The calculation did not take in recent drilling at Guadalupe, mainly at depth on Norte, Guadalupe, and Animas. A 34-hole program — 7,000 metres of diamond drilling and 2,500 metres of reverse-circulation drilling — intersected multiple mineralized zones of quartz or carbonate breccia in most holes.
True widths of the mineralization mainly varied from 2 to 12 metres, occasionally widening (the longest interval was 34.5 metres, or about 26 metres true width, grading 47 grams silver and 1.04 grams gold per tonne).
Among the better intersections were one of 22.5 metres grading 193 grams silver and 3.29 grams gold per tonne, about 17.2 metres in true width, and one of 17.5 metres grading 152 grams silver and 1.22 grams gold per tonne, about 11.3 metres true width. Both were at depth on Guadalupe Norte.
The resource at La Patria is 3.6 million tonnes grading 35 grams silver and 1.49 grams gold per tonne, all inferred.
Actual development work continues, with about US$55 million of the budget expended at the end of the second quarter. Site preparation was slightly behind schedule at that stage, but structural steel erection for the mill and leach plant was under way. A mill was ready to be shipped from South Africa. The national power utility is building a power line at a cost to the project of US$8.5 million, and an on-site diesel generation station is also under construction.
Palmarejo has a lease in place for a mining fleet, covering 95% of the cost of equipment, and tenders were in for contract mining.

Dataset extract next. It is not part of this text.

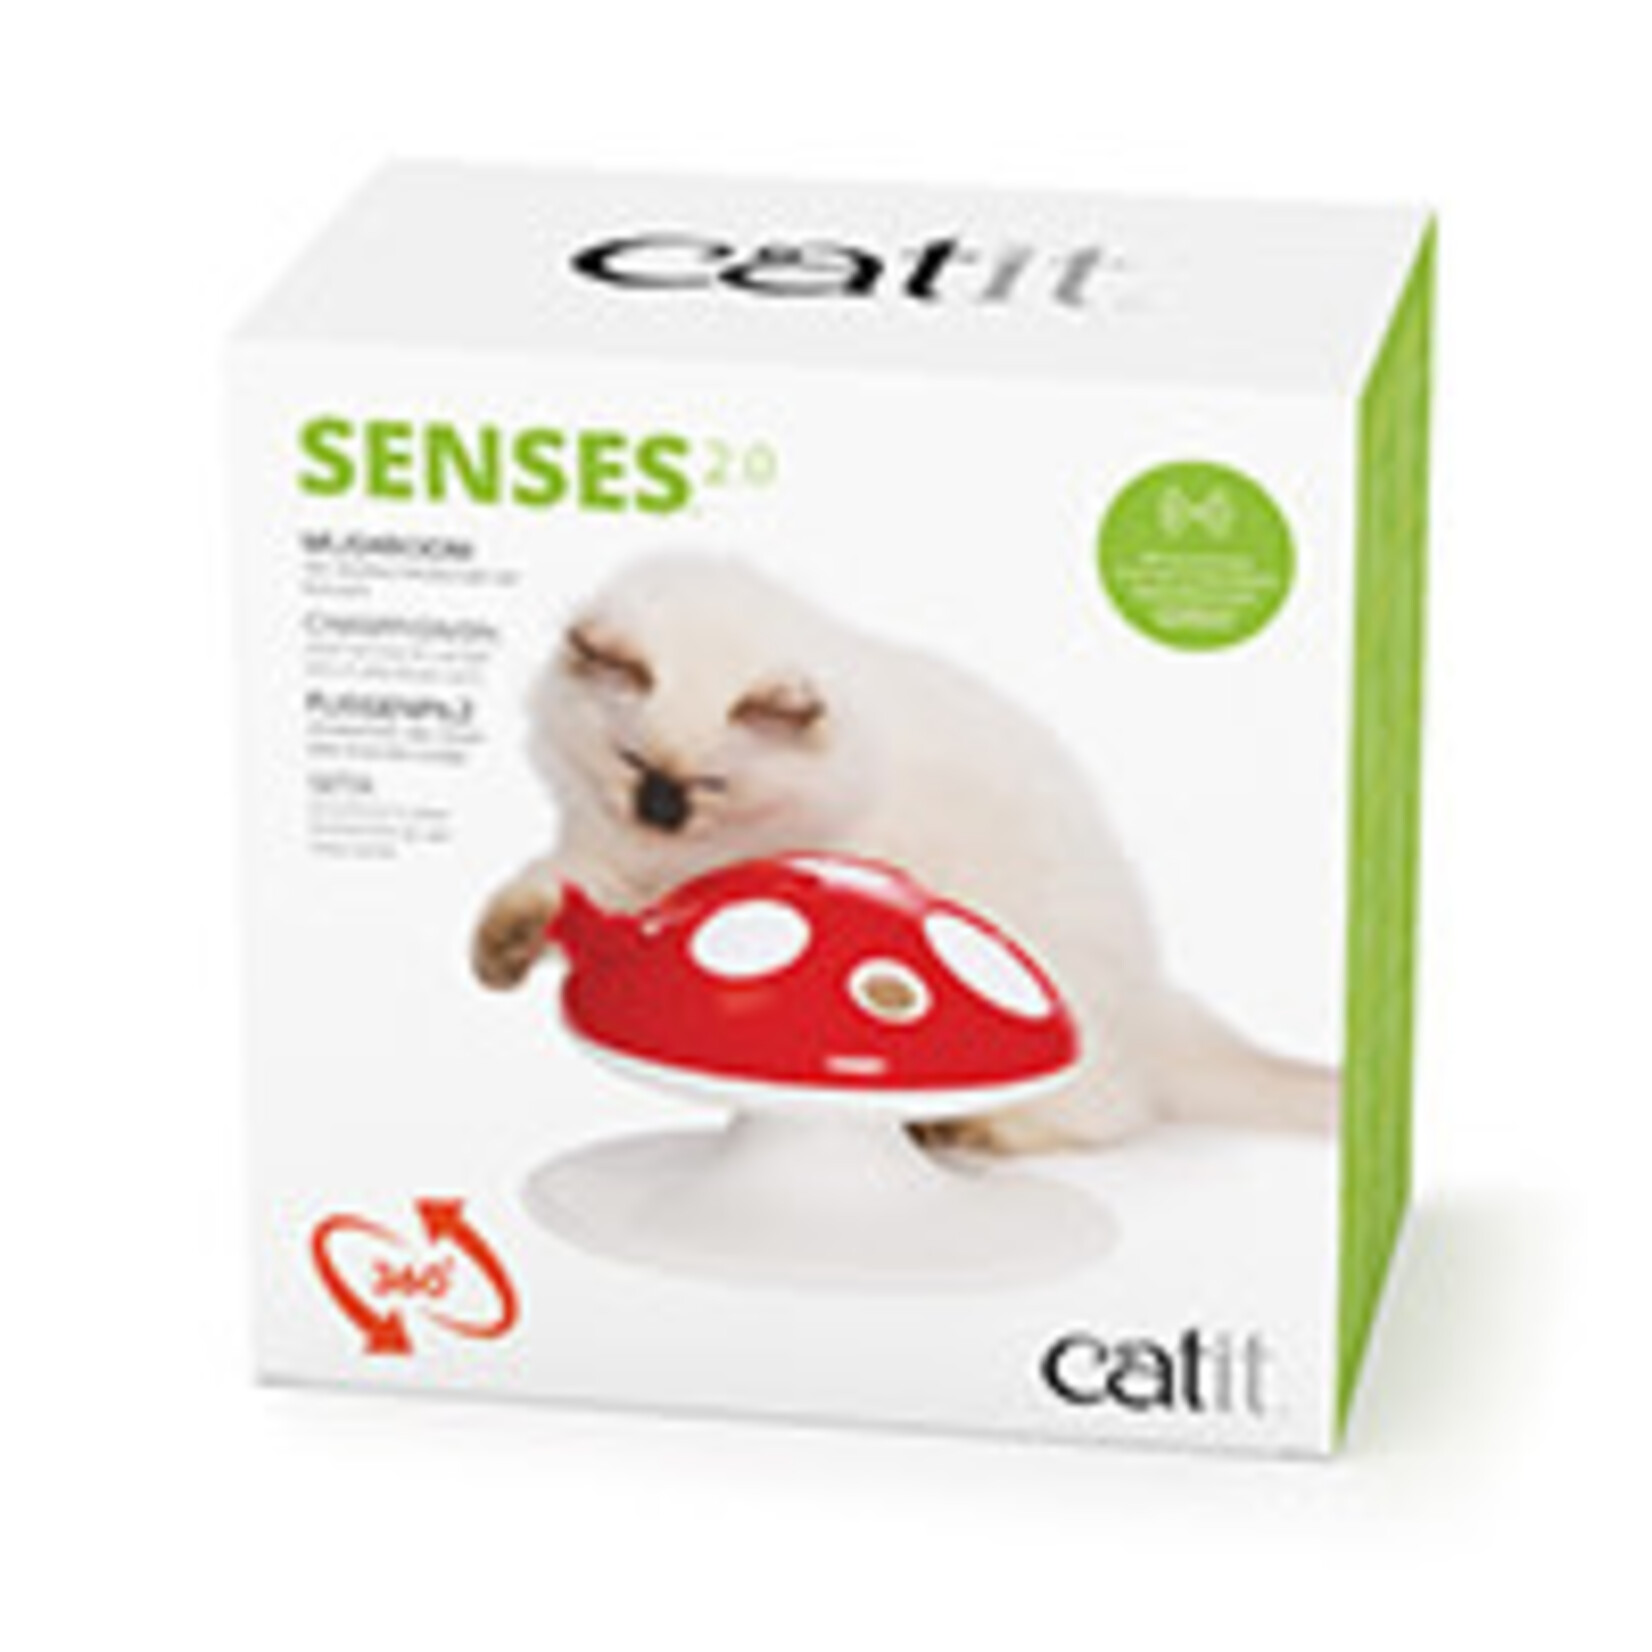 Catit Champignon Catit Senses, jouet interactif pour chats
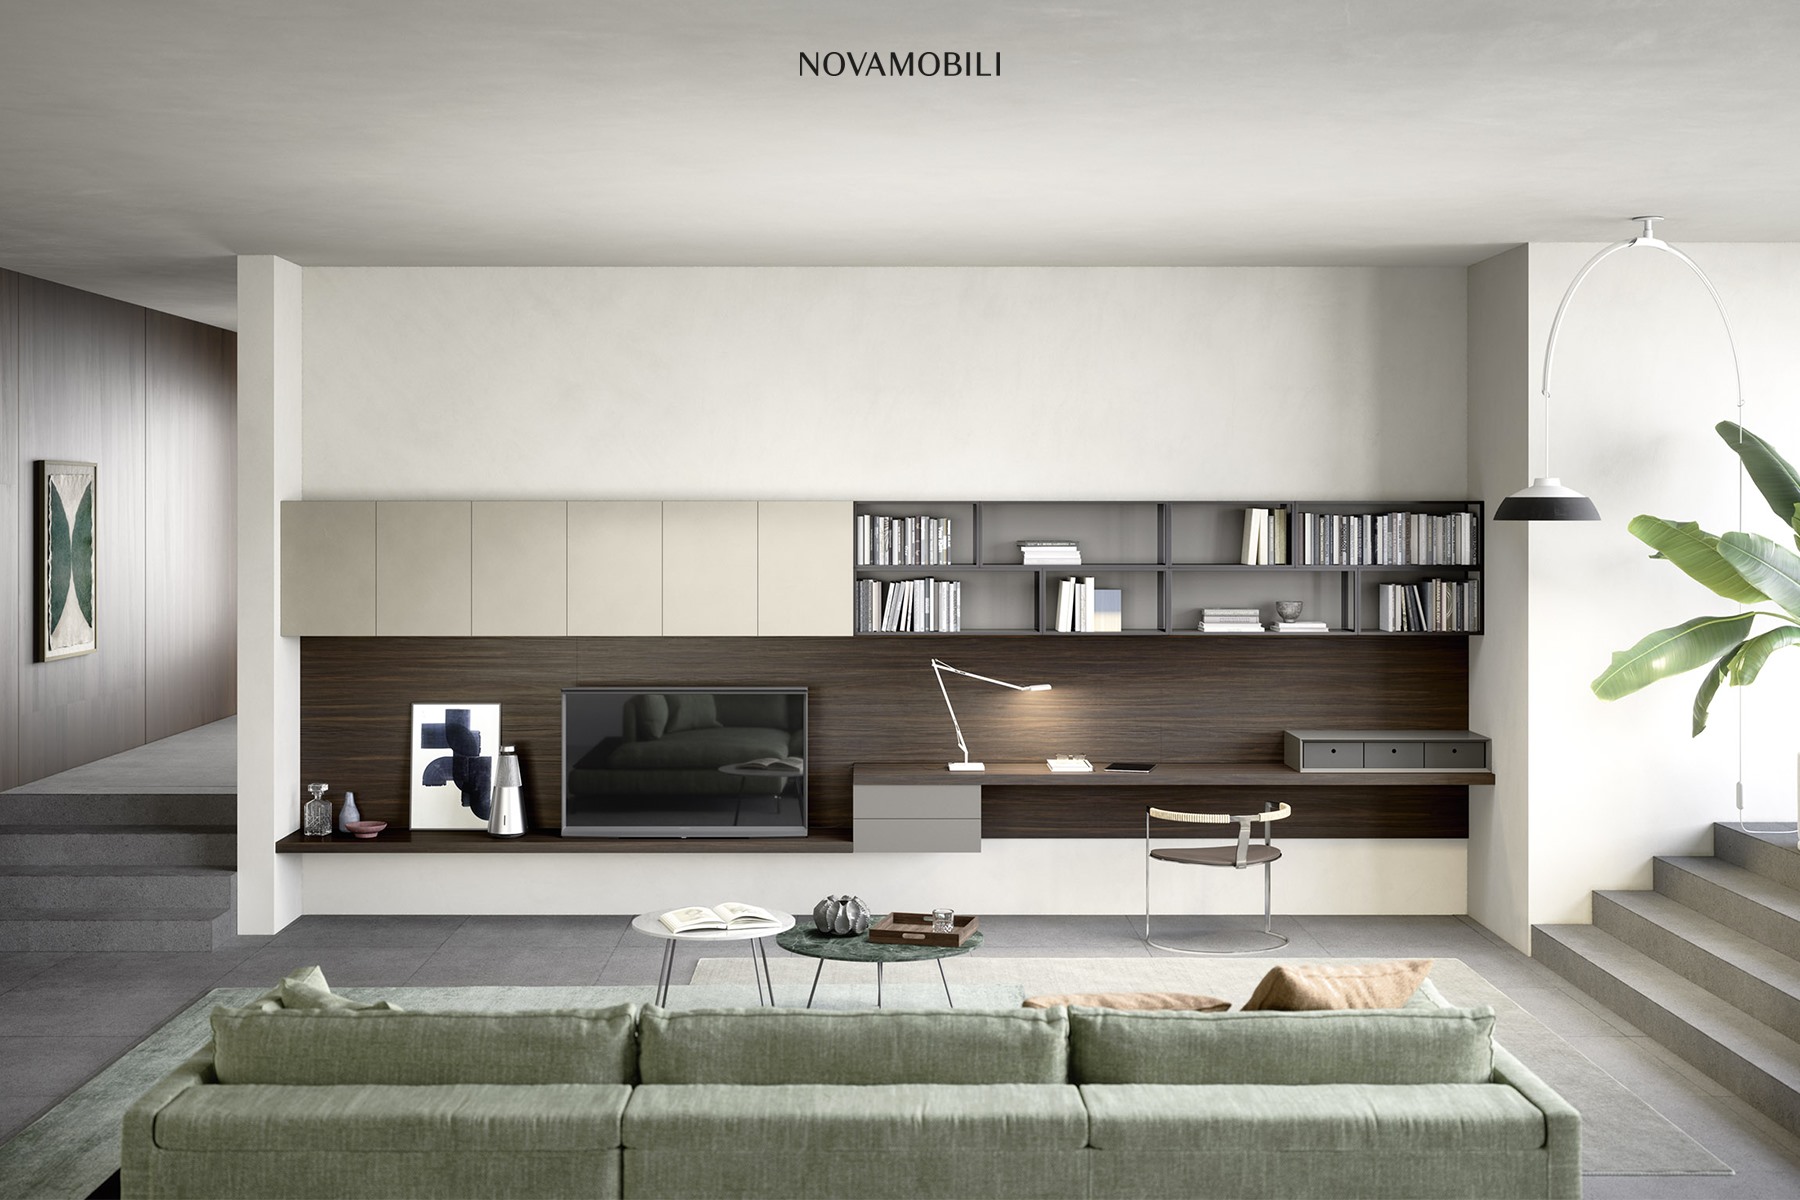 Arredamento casa moderno: Novamobili Spa – Conati Interiors

Meanwhile, Coeur has filed the preliminary proxies to issue shares in its proposed takeover of Palmarejo and Bolnisi. Coeur is offering to take over Bolnisi and Palmarejo in an all-paper transaction that values the two companies at US$1.1 billion. Bolnisi shareholders would get 0.682 of a Coeur share for one Bolnisi, and Palmarejo shareholders 2.715 shares of Coeur for one Palmarejo.
The merger agreements have been amended to stretch the timeline for the merger, which was originally planned to close in the third quarter of the year. Now the parties expect to have the merger complete by year-end.